Wednesday, April 21, 2010

The Thrill of the Hunt

I was visiting my brother in Box Springs, Georgia when I got word that someone had received one of my resumes and wanted me to call them back.

The someone in question was a fellow from a "staffing solutions" service. Seems I had replied to an on-line posting for an "Assembly Technician" job at the Caterpillar tractor plant in Sanford, NC.

Could I come by their office in (I kid you not) Fuquay-Varina to fill out an application and take a screening test? Any day between 9:00am and 3:00pm would be fine, Mr. Davison.

I returned home and took the 45 mile drive to the staffing office in Fuquay-And-The-Horse-You-Rode-In-On-Varina. The joint was jumping as they were also looking to fill some temp jobs at a John Deer plant.

One woman was ahead of me for the Caterpillar gig, though. Once we finished filling out the application form the office manager handed out the screening tests.

We had twenty minutes to answer a series of questions relating to math, work rules and do-you-like-puppies style questions. I finished ahead of the other lady and turned in my test.

"Wow, that was fast," the office manager commented as he pulled out the answer key. "I have to warn you, that there's a 50% failure rate on this test. "

"Also," he continued, "That other applicant was here ahead of you. If she passes, she'll get to advance to the next step instead of you. You understand."

Well, I did, indeed pass the test, but the other applicant's paper hadn't yet been turned in.

The manager gave me a form letter and wished me well.

By the time I arrived home an hour later, Michelle had already received the call that the other applicant failed the test. I called the office and was informed that I should report to the Caterpillar plant the following Tuesday to take another test. This one would contain 100 questions.


Tuesday found me in the visitors' reception area, along with four other test-takers. We were walked through the plant back to a computer lab.

(Side note: This was the most gorgeous facility I have ever seen! There was no grime or filth; even the Plexiglas on a test station sparkled! What a contrast to some of the grease pits I've worked in.)

Once in the computer lab we were informed that we could not leave until after the testing had been completed. The lab manager read from a script to explain the process, sections, time limits, etc. She emphasized that she could not answer any questions after the testing had started.

Security was so air-tight, I expected the Cone of Silence to descend from the ceiling at any moment.



I plowed my way through the math, visual inspection and "work-related-attitudes" sections of the exam and finished, unfortunately, with time to spare.

I say "unfortunately" because I had to sit there and stare at the wall while everyone else finished up.

We were finally released back into what passes for civilization these days and I made the 45 mile trek home.


The next morning the phone rang promptly at 9:00am.

"Congratulations, Mr.
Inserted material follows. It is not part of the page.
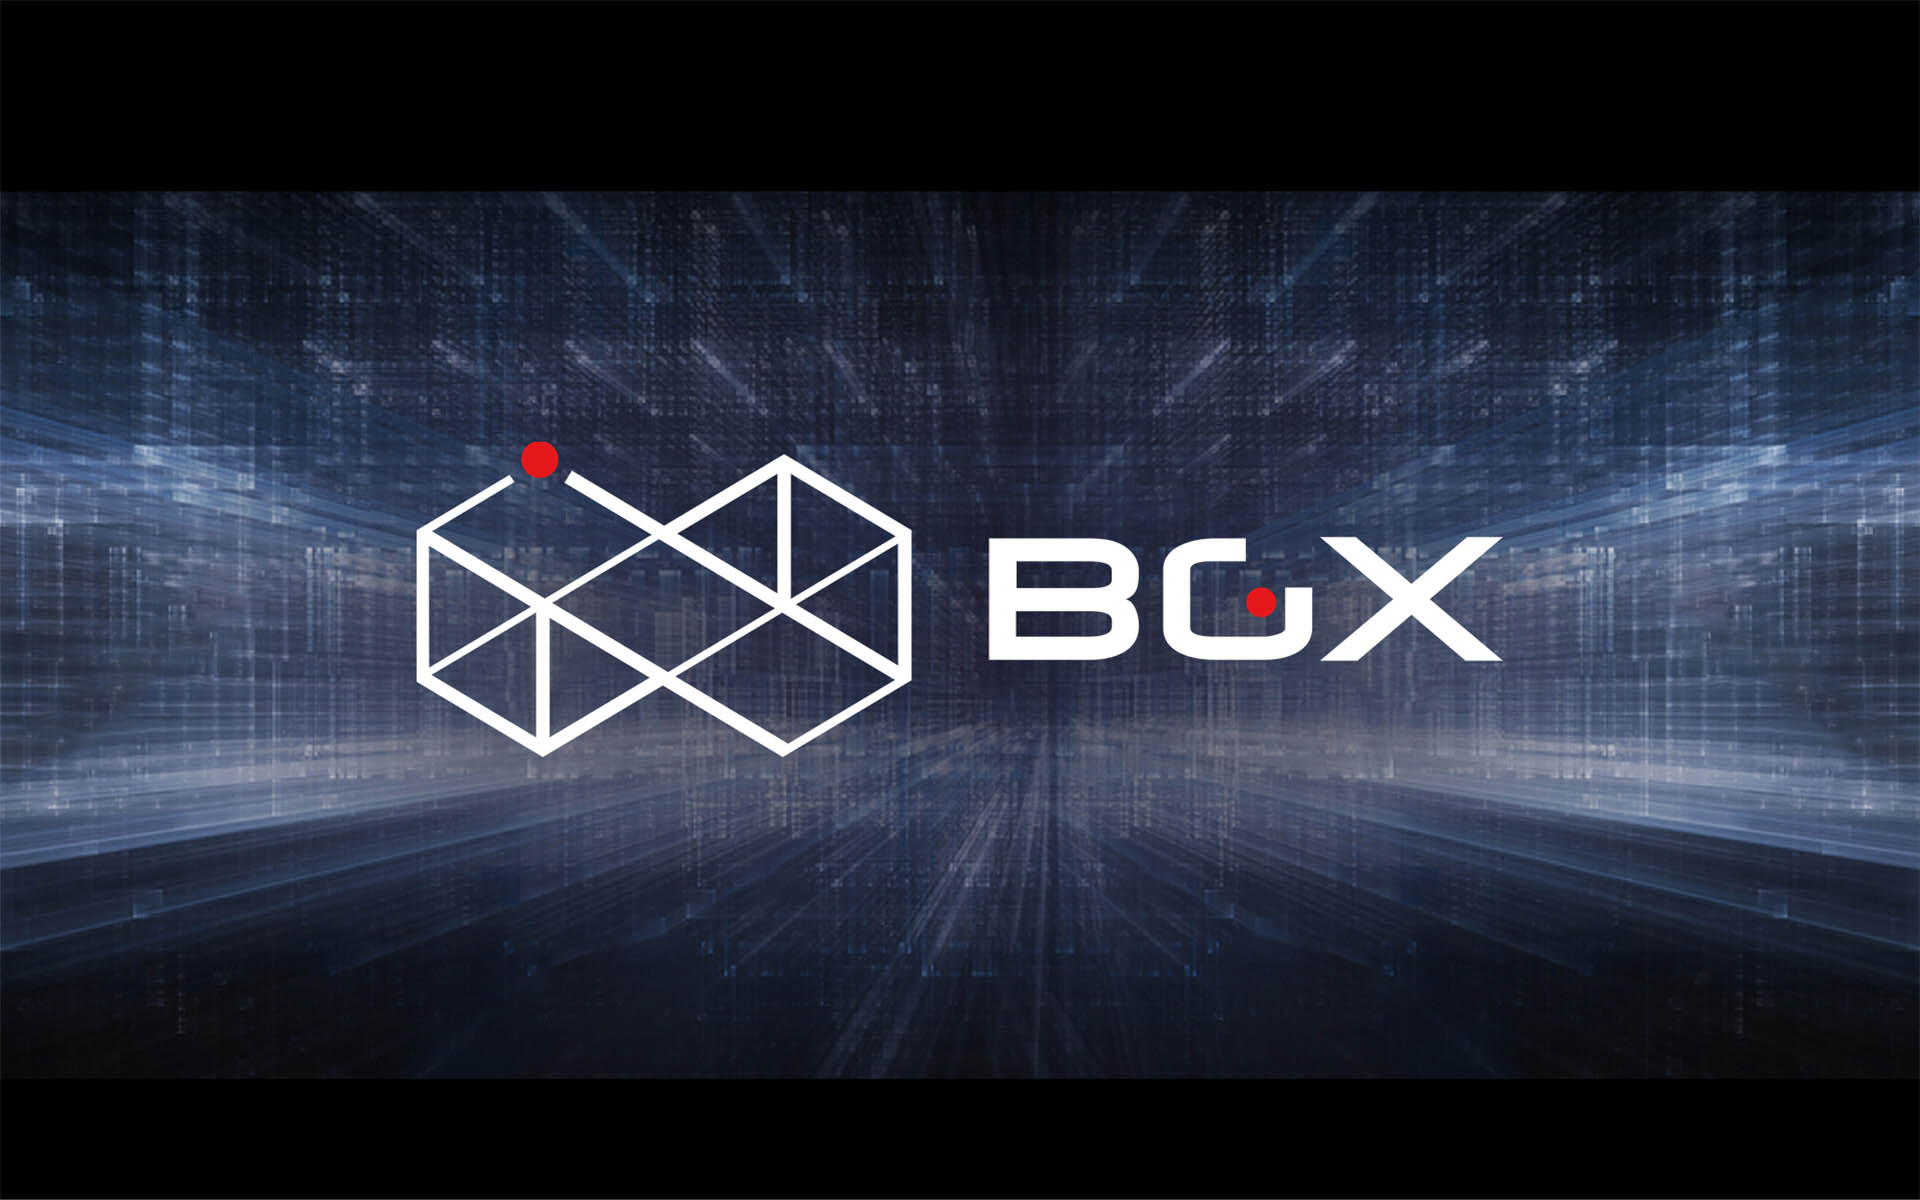 BGX: The New Face of a Multi‐Billion Industry

Davison," a chipper voice piped. "You've passed your CAT exam and we'd liked you to come back to the plant on Thursday morning at 11:00 to fill out the new employee paperwork. If your drug screening comes back OK, you'll start May 11th."

"Wow, that's good news," I replied. "You know, I was kind of hoping someone would tell me what the rate of pay and benefits package is before I sign on."

"You don't know?" the puzzled agency lady asked.

"These are entry-level jobs, Mr. Davison. We pay $9.50 an hour with a fifty cent raise every six months to a maximum of $11.50 an hour. We offer a basic medical package. It won't pay for major surgery, but if you get the flu or need stitches, you'd be covered."


The idea of travelling 90 miles a day so that I can make roughly50% of what I was earning a year ago is not very appealing. The crappy-sounding medical package is just that much less icing on the old urinal cake.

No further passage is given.